◆ **The data**

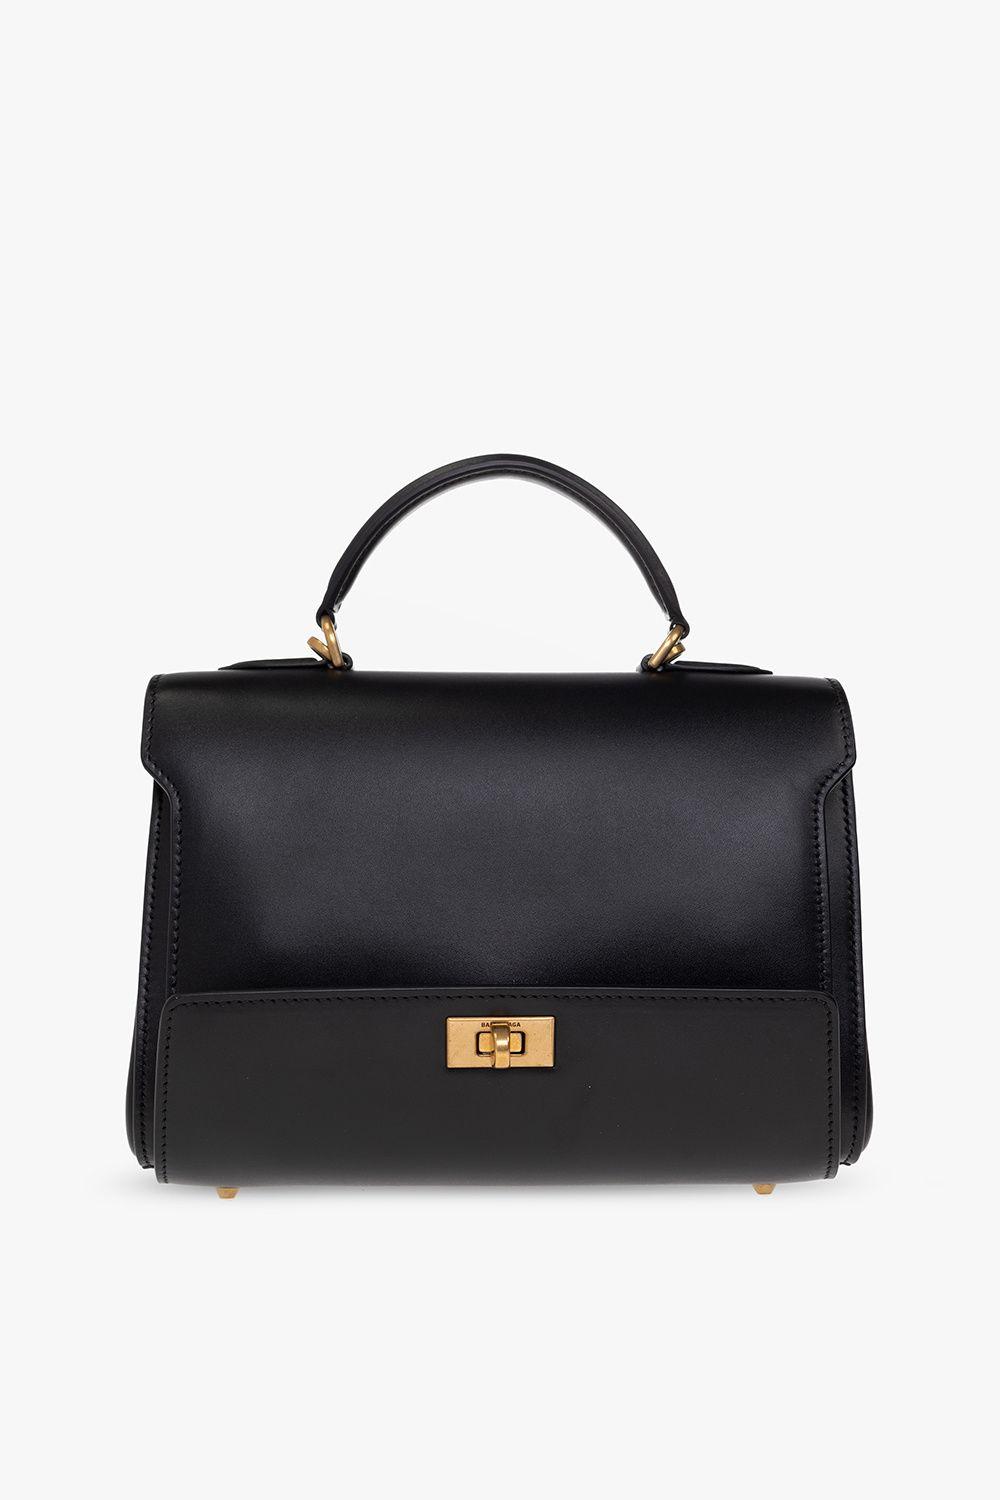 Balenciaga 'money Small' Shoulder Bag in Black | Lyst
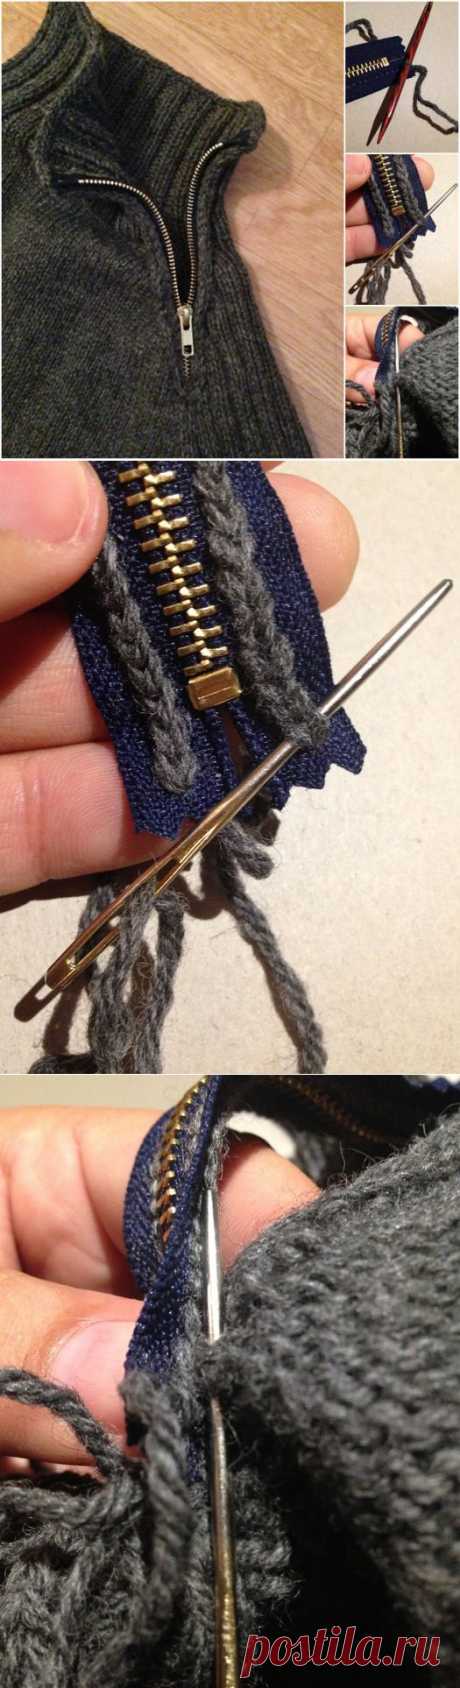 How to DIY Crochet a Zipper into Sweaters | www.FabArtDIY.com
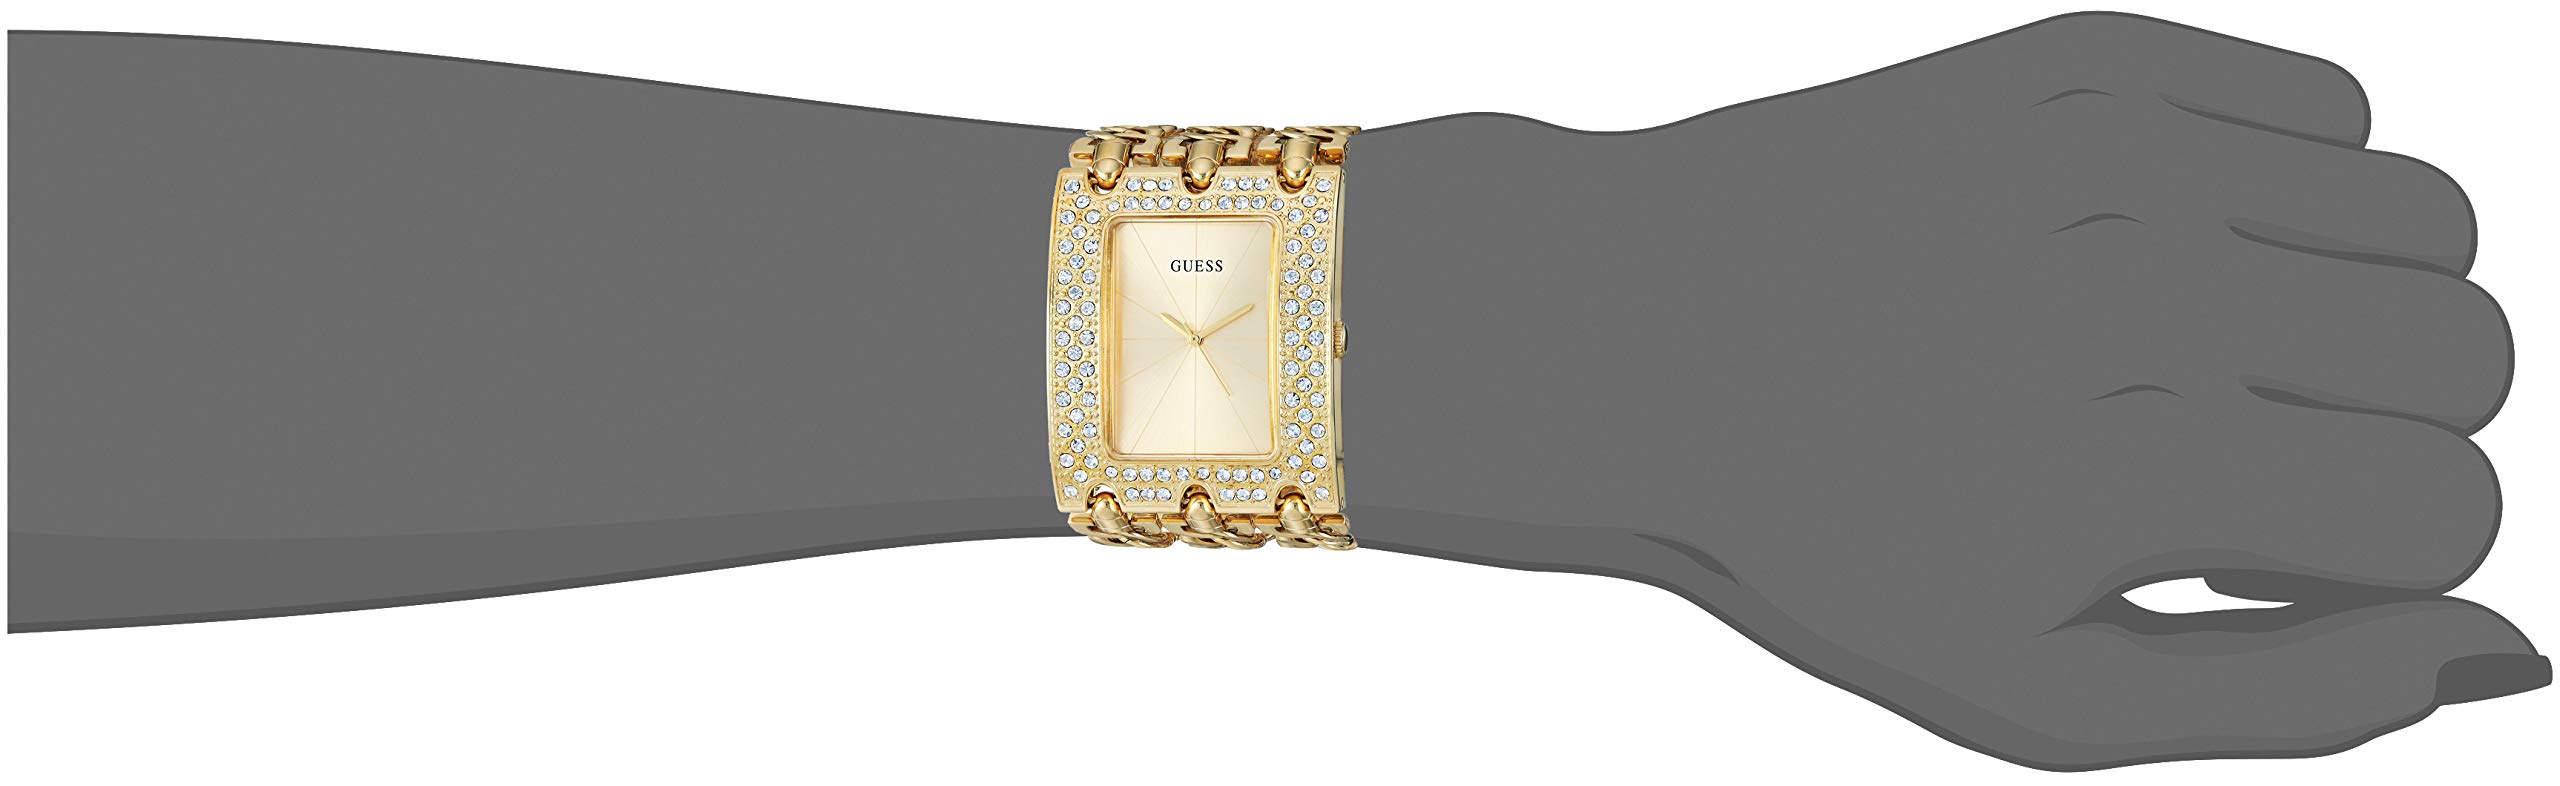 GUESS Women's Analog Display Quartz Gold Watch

◆ **About this exercise**
Reproduce the listing verbatim, and keep the pictures out of the copy.

◆ **Output below**
 Balenciaga 'money Small' Shoulder Bag in Black | Lyst
 How to DIY Crochet a Zipper into Sweaters | www.FabArtDIY.com
 GUESS Women's Analog Display Quartz Gold Watch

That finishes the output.